Flitz is a less aggressive polish, primarily because it is not abrasive. It is useful for cleaning and polishing pens that are in good shape but just a little dirty and/or tarnished. It is available in both liquid and paste forms; I find the paste easier to apply and less messy (no drips or dribbles). Like Simichrome, Flitz should be thoroughly cleaned away when you have finished polishing.
Whichever polish you use, it’s best applied with a new cotton swab or a clean 100% cotton rag. Never work on pens using synthetic fabrics; the fibers of some synthetics are harder than the resins used to make pens, and they can scratch.
Another of those “What do I do with this?” chemicals that you will find useful is naphtha. Take note of the spelling of naphtha; many people misspell it naptha, the way the company that makes Fels Naptha® soap did so they could use it for a trademark. Spelling aside, the stuff is the basic component of lighter fluid and also of most penetrating oils. As a penetrating oil, it works its way into rusty or corroded threaded joints, and that makes it invaluable for unscrewing stuck nuts and bolts. It is also a magical solvent for loosening corroded aluminum barrel liners in celluloid 1920s Wahl pens so that you can remove the section. Keep it handy; you won’t need it very often, but when you do, there is no substitute.
For most vintage pens, removing the nib and feed calls for a knockout block and a couple of knockout punches. A knockout block can be as simple as a block of wood with some holes of assorted sizes drilled through it and sanded to remove splinters. If you go that route, I recommend adding feet at each end of the block so that its top surface is about 2" (51 mm) above the workbench surface; this will give you enough distance to prevent damage to feeds and nibs as you knock them out of their sections. Commercial knockout blocks like the one shown here, from Fountain Pen Hospital, cost more but are provided with a great variety of holes and are all neatly finished so that you can get right to work on your pens instead of having to make your own tools.
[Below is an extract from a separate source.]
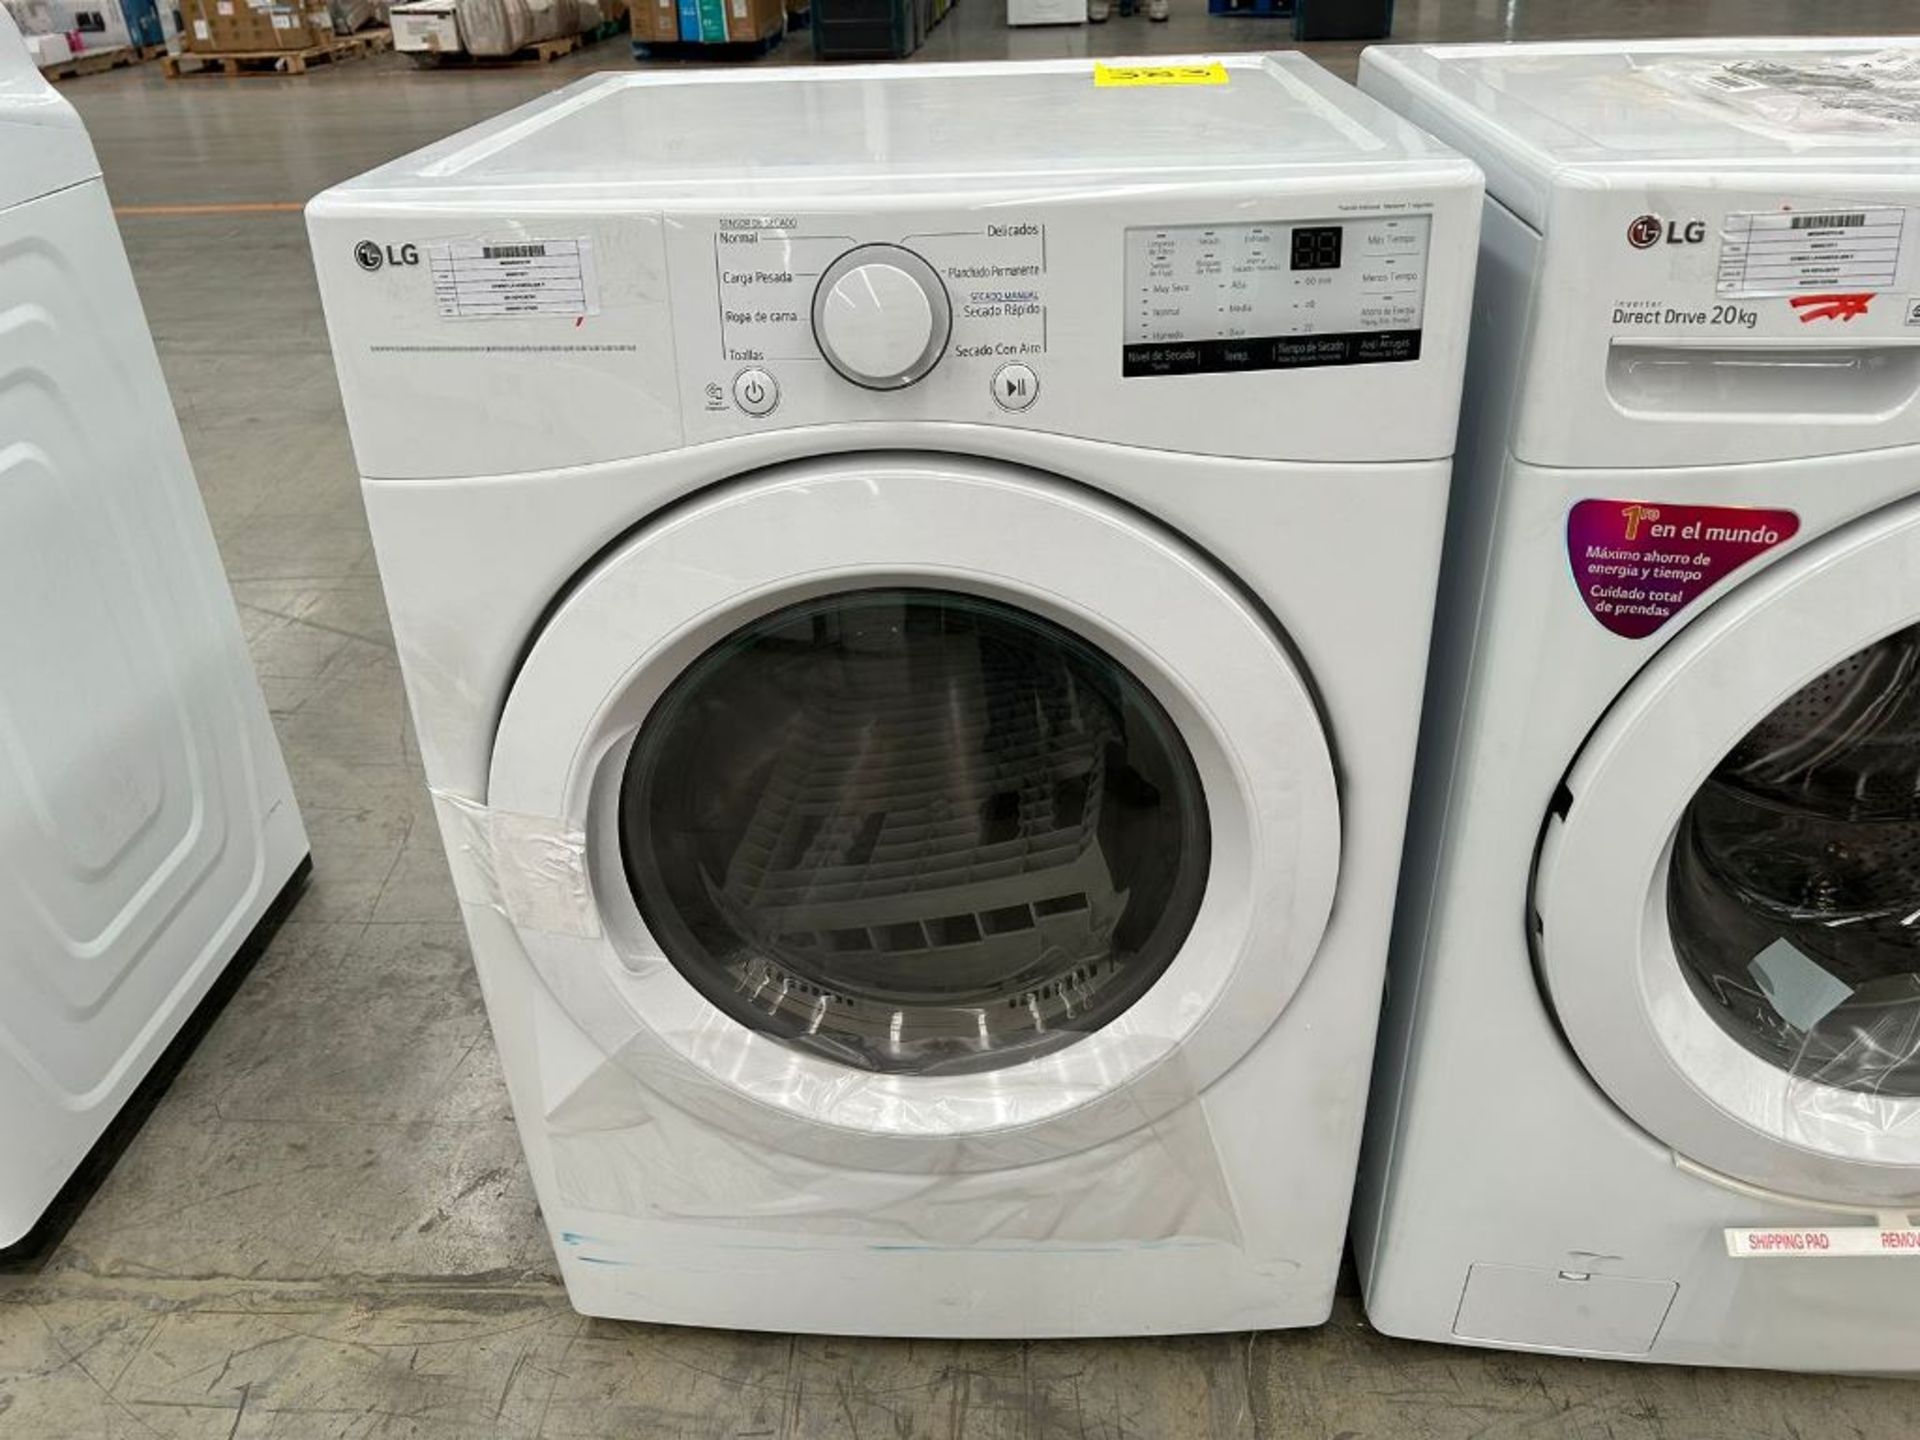 Lote de 1 Lavadora Y 1 secadora contiene: 1 lavadora de 20 Kg Marca LG, Modelo WM20WV26W, Serie k29 - Image 5 of 6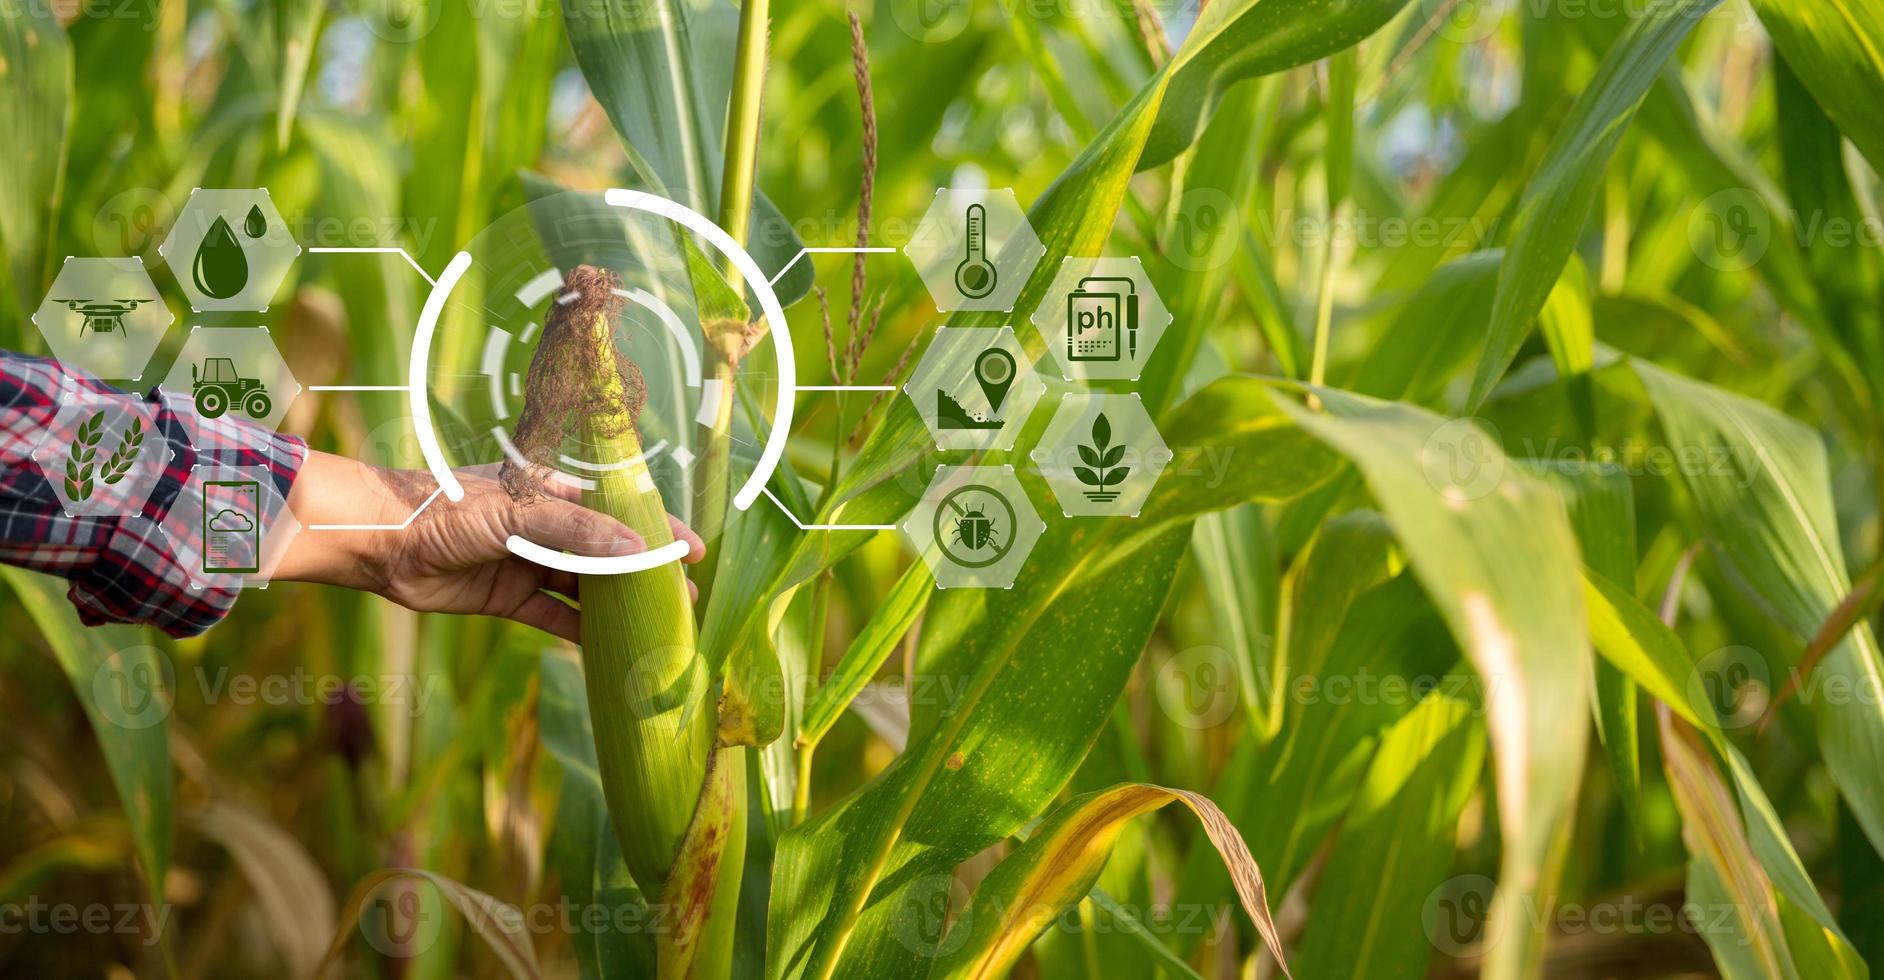 agriculteur dans un champ de maïs à l'aide d'une tablette numérique pour une agriculture intelligente. technologie d'innovation pour le système agricole intelligent, la gestion de l'agriculture. concept d'entreprise agricole moderne d'agriculture intelligente. photo

There will be plenty of opportunities to make your own tools as your skills advance, trust me.
For the knockout punches, you can use lengths of metal rod with their ends finished straight across, flat, and smooth, but when it comes to knocking out a nib and feed with a breather tube, you will need to use tubes instead so that the breather tube can hide in the bore of the tube instead of being mashed. (Pulling breather tubes out of their feeds, especially if they are hard rubber, can be disastrous.) I recommend spending a little more and buying a set of professional knockout punches with handles like the ones shown here. They are easier to hold and to control, and the best ones are made of tubing so that you need not worry about those breather tubes.
Paper towels are good for soaking excess ink out of feeds when you fill pens to test them. They are also great for soaking up spilled ink after you knock over an ink bottle. (I’ve been there, so you’re not alone.) You can use paper towels for general cleanups, and you can twist a corner of one into a twizzle for cleaning out the last bit of watery ink after you’ve soaked a cap and then brushed it out. There are myriad other uses for paper towels, and as much as I dislike creating paper waste, there’s no viable substitute. (Rags can’t do all that paper towels can do; if they could, I wouldn’t mention paper towels at all. And you don’t want to spend your life washing rags after you clean up the messes that are inevitable in a pen studio.) Don’t waste your money on premium paper towels; the cheap ones work better because they’re not so soft and will therefore make better twizzles. I recommend buying select-a-size paper towels that are perforated at short intervals so that you can use less paper or more, as the need calls for.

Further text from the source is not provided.